I had dinner this week with a couple of the smartest people I know in the realm of macro economic analysis and prognostication. By “smartest” I mean that what they have been willing to predict in the past has tended to come true (one called the ‘80s collapse of the Nikkei right on the button, and foresaw Japan’s ongoing troubles), so I tend to listen to them more than to others, particularly since I doubt the ability of most people to predict with any particular accuracy.
Both are extremely bearish about US prospects, for a variety of reasons – political misguidance, trillions in debt, the continued papering over of liabilities, rising baby-boom retirement and health costs coming, unemployment, etc. Both see the dollar in deep trouble, gold rising for now, and no recovery relief in sight. The question is when the “next crisis” will unfold, and in what form.
Michael Peskin of Hudson Pilot, formerly of Morgan Stanley, an expert in pension and asset systems, points to a system of incentives that has created a financial industrial complex composed of congressional oversight, public employee unions and a banking system that has a stranglehold on fiscal and tax policy.

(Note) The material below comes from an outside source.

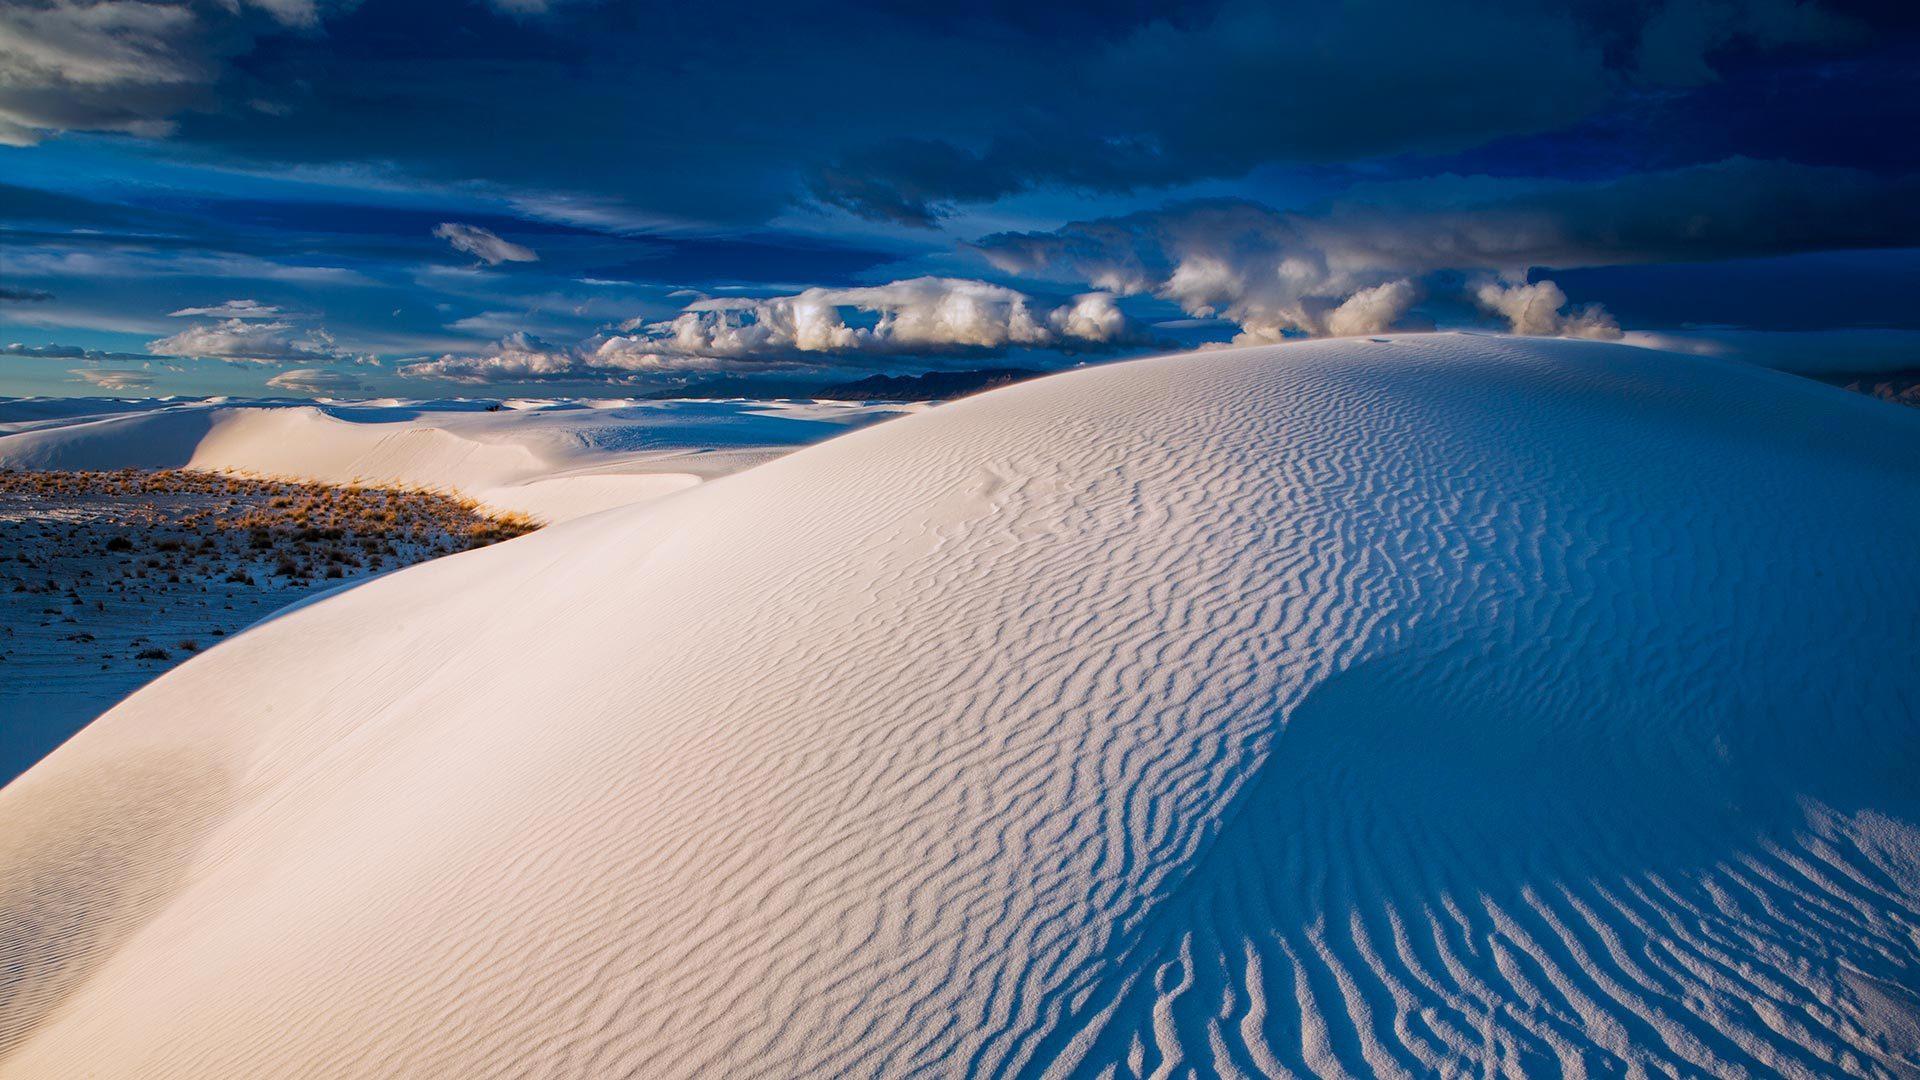 白沙国家公园中的石膏沙丘石膏沙丘

Roger Cass, an independent analyst with an extraordinary track record for seeing when countries are about to hit walls (he homered on Japan when the world thought it had figured out its own economic miracle), says failure is written all over Obama’s health care and other domestic agenda. The current leadership is without a functional compass, even if it knew which direction to take and had the resolve to take it, which he is convinced that Obama & Co. do not.
Cass just issued a report to clients that warned, among other things:
- The world is entering stage four of an ongoing global financial crisis, unfolding next in Euro sovereign debt. Unemployment, slow growth and protests will mark Europe’s near term future as the situation worsens.

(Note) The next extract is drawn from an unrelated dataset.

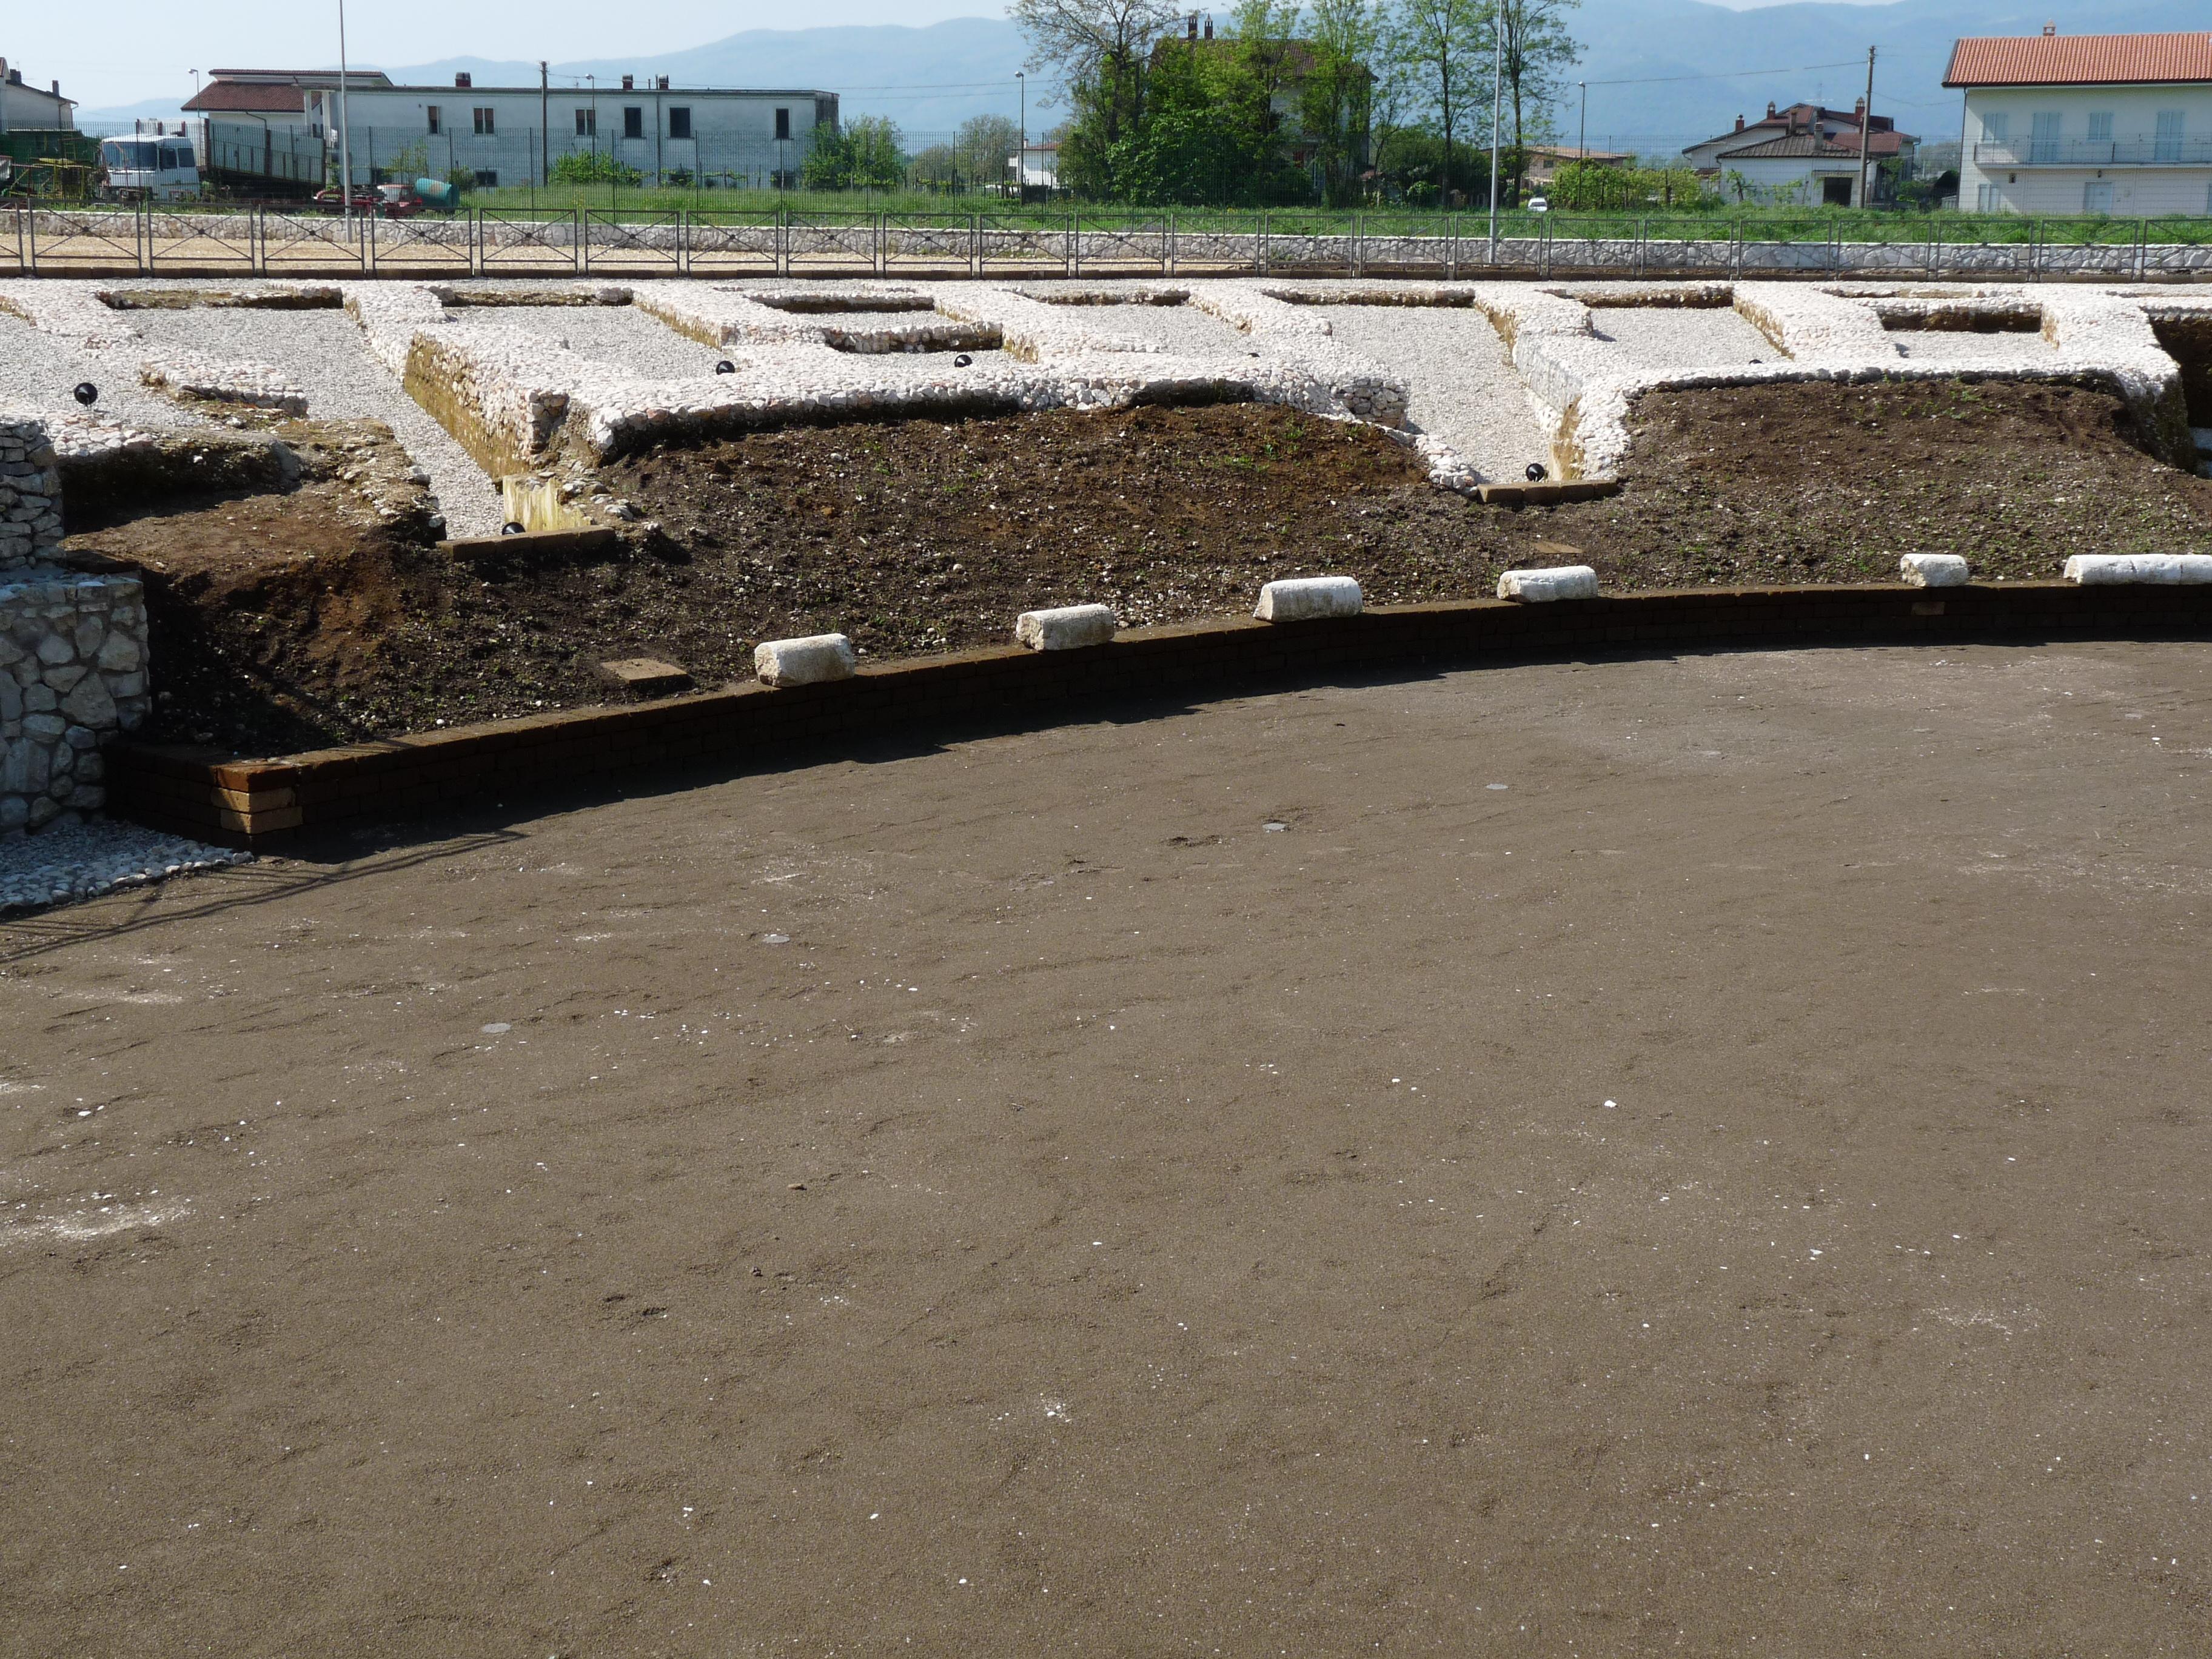 Anfiteatro romano - 09.04.25 (9).JPG

- Developing countries will not be able to offset slowdowns in Europe and the US, but will suffer as trade demand slows, so there is no global rescue in the emerging (BRIC) countries.
- China is operating a real estate “Ponzi scheme” and a collapse in prices has already begun. “Across China dozens of so- called ‘Fabric Cities’, ‘Electronic Cities’, and ‘High Technology Cities’, hybrids of department stores, factory outlets, and distribution centers specializing in the named products, have vacancy rates of 50% or higher, with investors demanding the return of their investments from local governments and developers. The process in which property values were driven ever higher by this Ponzi scheme of circular fraudulent transactions between local governments and corrupt bank loan officials and SOEs is now beginning to unwind.”
- We are about to go through a period of disinflation, but “…the massive stimulus programs and the eventual monetization of the accompanying record deficits by the U.S, European, Japanese, and Chinese governments to stave off financial collapse are setting the stage for a new round of rising global inflation, interest rates, and a weakening dollar.”
And he quoted Von Mises:
“There is no means of avoiding the final collapse of a boom brought about by credit expansion. The alternative is only whether the crisis should come sooner as a result of the voluntary abandonment of a further credit expansion, or later as a final and total catastrophe of the currency system involved”.
- Ludwig von Mises
These are just a few outtakes of a scathing and distressing report that prompt the fair question: what to do?
Peskin believes deflation is coming, and inflation will follow, as does Cass. Both are negative about stock markets, with a few exceptions, and both are bullish on Canada, and gold. While this may not seem conventional wisdom, in my experience it is likely to turn out to be wisdom after all, so I would ignore it only at my own risk. For further insight, track these guys down and ask your own questions.